With my first I was young and didn't really mind but would have loved a girl, I didn't find out the sex and I had a boy. I was thrilled, I have a lovely older brother so I think I thought I'd have a boy first then a girl to mirror my upbringing.
I then had a big gap between my first and second, my second wasn't planned and I hoped for a girl as I'd already brought up a boy. We found out and I was disappointed. I was worried I wouldn't bond with the baby. I think looking back I was in a bad place with my mental health and I fixated a little on it because as soon as he was born I was in love and only cared he was ok.
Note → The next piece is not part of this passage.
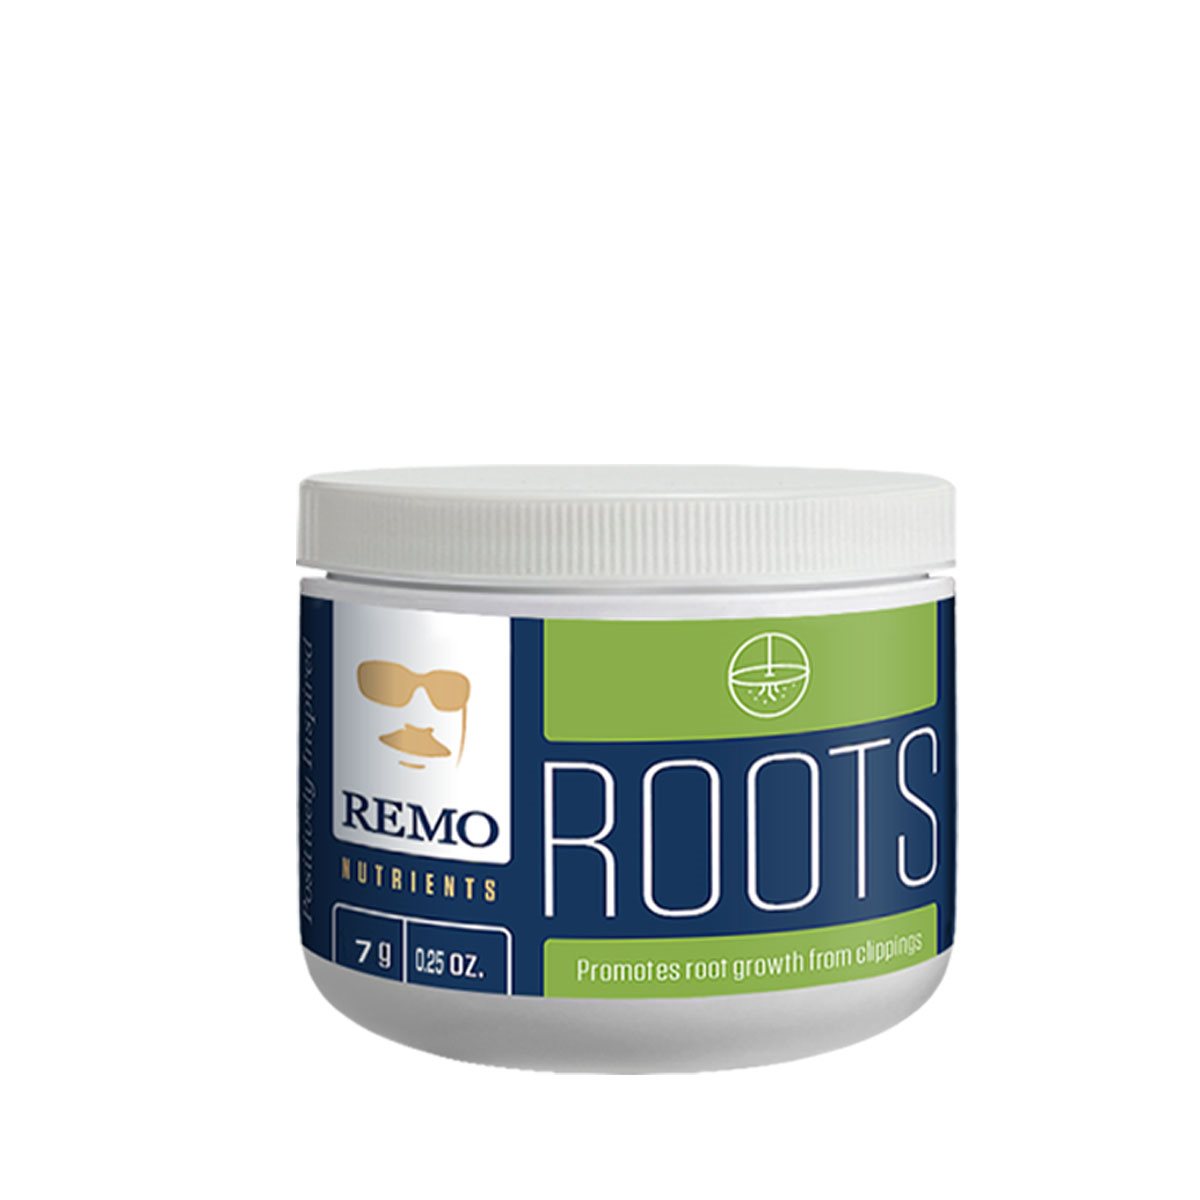 REMO'S ROOTS 7 GRAM - 16/BOX

We are super bonded and I wouldn't want him to be anything other than what he is!
Im now expecting a 3rd and planned baby After a miscarriage of a planned baby and although I think I shouldn't I do have a slight preference for a girl as I know this is my last pregnancy and last chance to parent a girl. We aren't finding out this time and I know I'll be thrilled if it's a 3rd boy when they're born anyway so don't feel the need to find out. I also think it'd be nice for my younger son to have a brother close in age and practically they could share a room and I've kept all of his baby things.
ive read the whole thread and seen a few "I judge people who have a preference" comments. I do feel bad for it but can you control how you feel? I know I am blessed to have my boys and I love them with my whole heart. If at birth someone said you can swap with the woman in the bed next to you because she really wanted a boy and got a girl I'd be horrified and hold my baby boys so tight there's no way I'd have even contemplated it! It's not like I don't want or don't love my boys I'd just love to be a mum of a girl too. I was very close to my mum and she died young so maybe it's that. Like I said I also have a lovely older brother.
it's just one of those things we're all different and some will have a preference some won't, some people's preferences will be stronger than others.
so many people in my life have asked if I'm finding out the sec of my current pregnancy and a few have said I hope it's a girl or it'd be nice for you to have a girl so I don't feel the judgement in person that's mentioned on here really. I love my boys and I feel incredibly lucky and blessed to have been able to fall pregnant, carry and birth them.